Q: Can my dog develop pyometra (uterine infection) if you don’t remove the uterus?
A: Pyometra is a hormonally driven process and is an abnormal uterine response to repeated exposure of the hormone called progesterone. If the ovaries of your dog are removed, then pyometra is highly unlikely because the source of progesterone has been removed.
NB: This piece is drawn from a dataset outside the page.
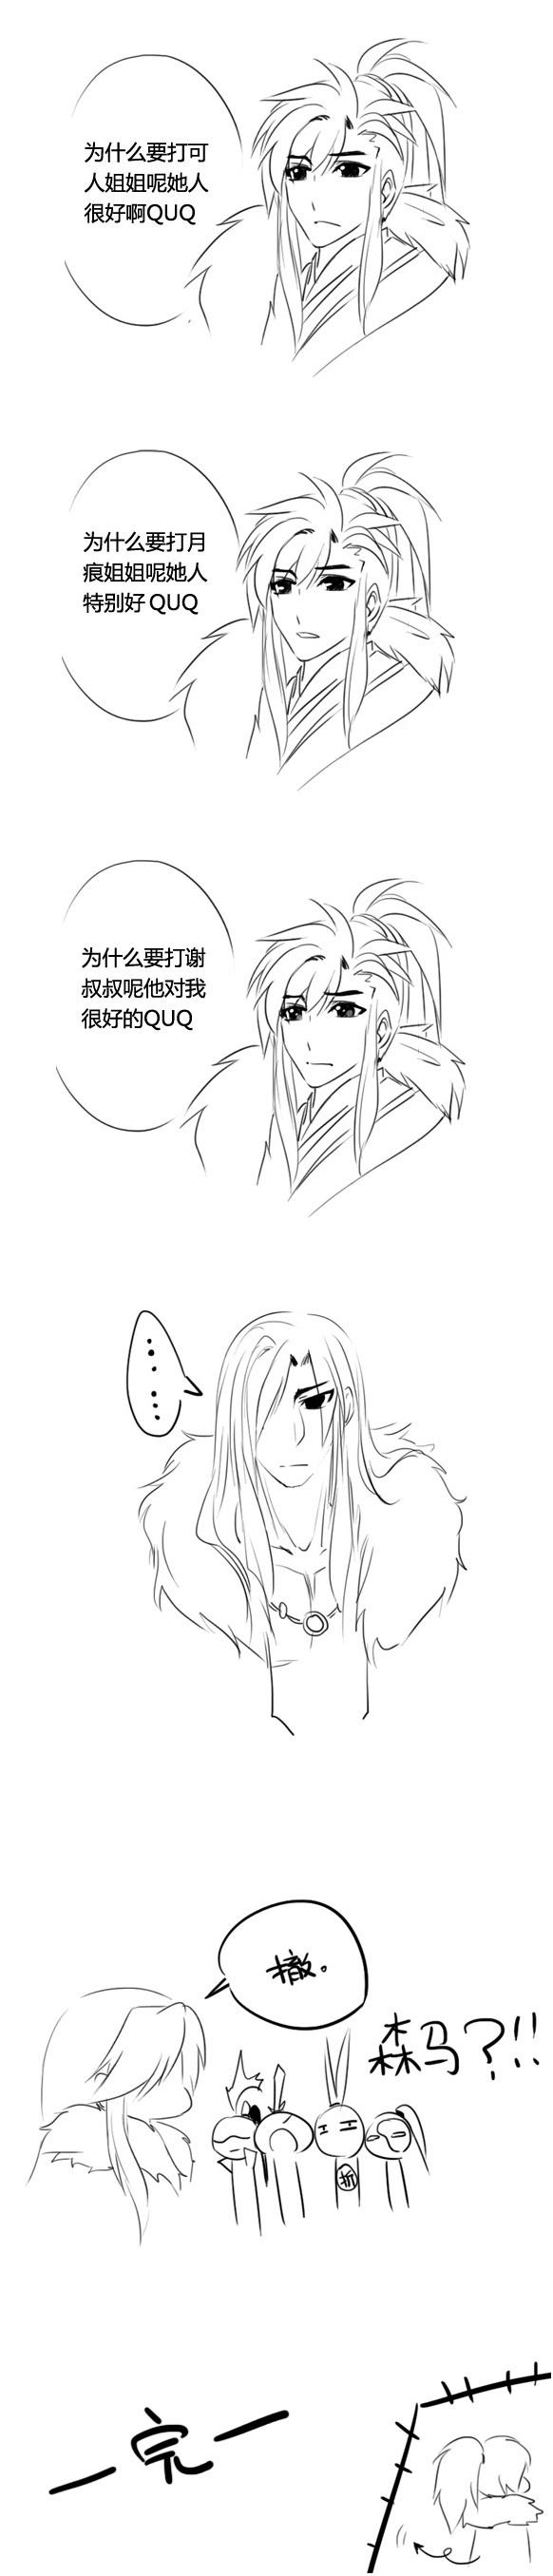 【漫】【授权转载】毛毛你的狐狸尾巴露出来了!by獒索 6fb57510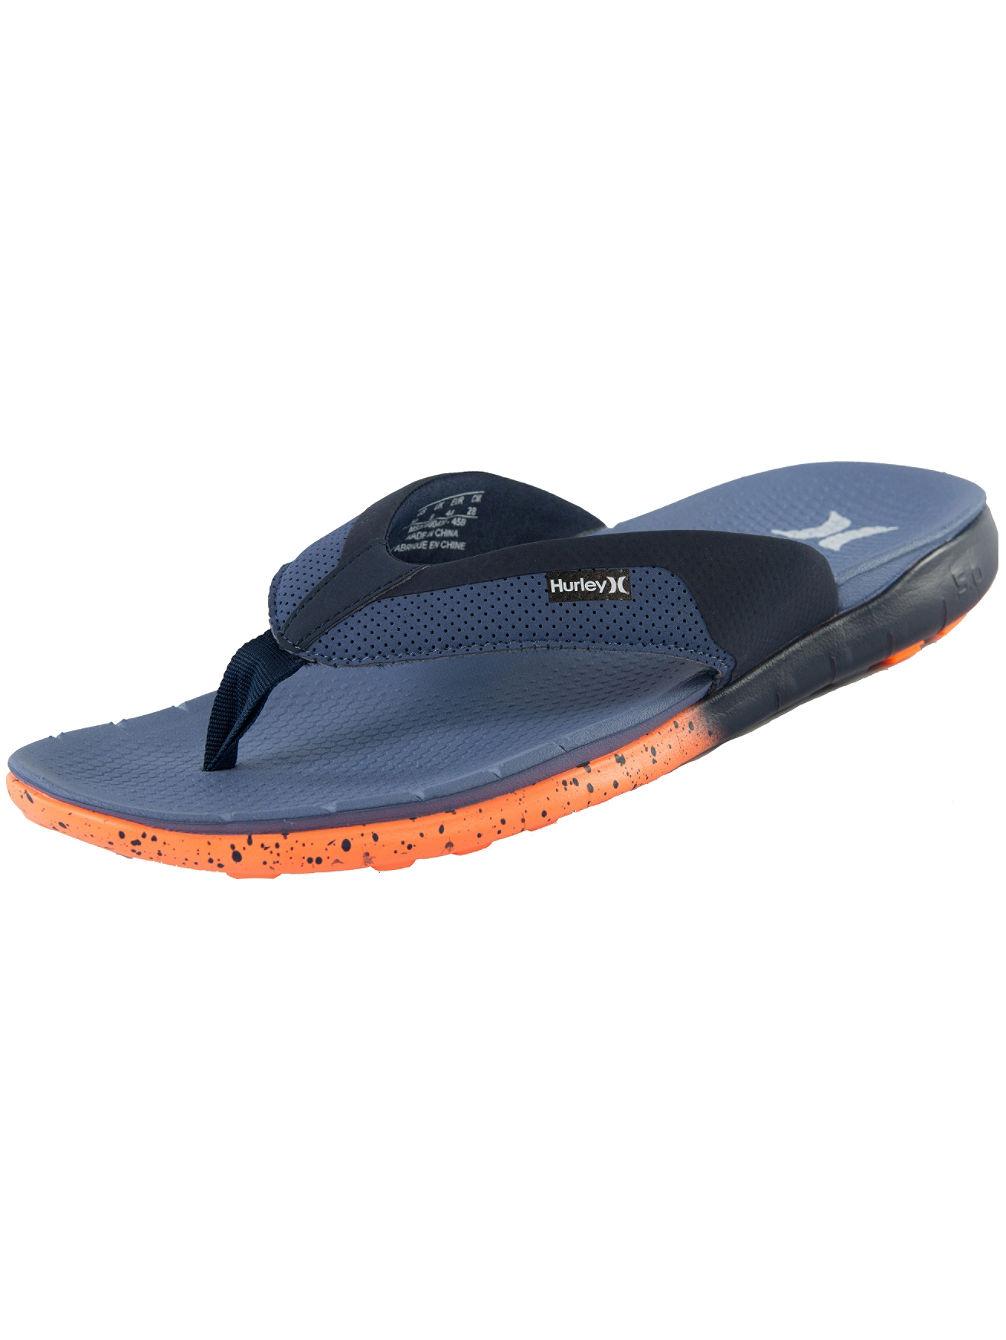 d13e4f5e0 Buy Hurley Phantom Free Motion Sandals online at Blue Tomato

Q: Can my dog develop uterine cancer?
A: Uterine cancer in dogs is not common. The incidence of uterine cancer is 0.03% of all cancers found in dogs. However, most of these uterine cancers are benign tumors and only 10% of these tumors are malignant (spread to other organs). So overall, your dog has a 0.003% chance of developing a malignant uterine tumor. To look at the equation on the other side, there is a much higher rate of complications, including fatal complications, from the process of removing the uterus during a spay (see the paper cited above). Also, these cancers are thought to be hormonally-driven, so by removing the ovaries at a young age, the likelihood of developing uterine cancer is even more remote.
Q: Do you perform laparoscopic spays on cats?
A: While it is possible to perform laparoscopic spays on cats, we do not recommend it. We are still technically performing a “minimally-invasive” surgery on cats – we just don’t need the fancy camera equipment to do it. The incision we normally make to spay a cat is the same size as 1 of the 2 incisions needed for a laparoscopic approach. The ligaments of the cat ovaries are also under a lot less tension, so we don’t have to stretch and tear as much as we do with dogs, and thus the pain is less with cats. We still only remove the ovaries (ovariectomy) as removing the ovaries and uterus (ovarihysterectomy) of a young, otherwise healthy animal has not shown to provide any benefit. So, by making 1 tiny keyhole incision and removing only the ovaries, our spay procedure for cats is “minimally-invasive”.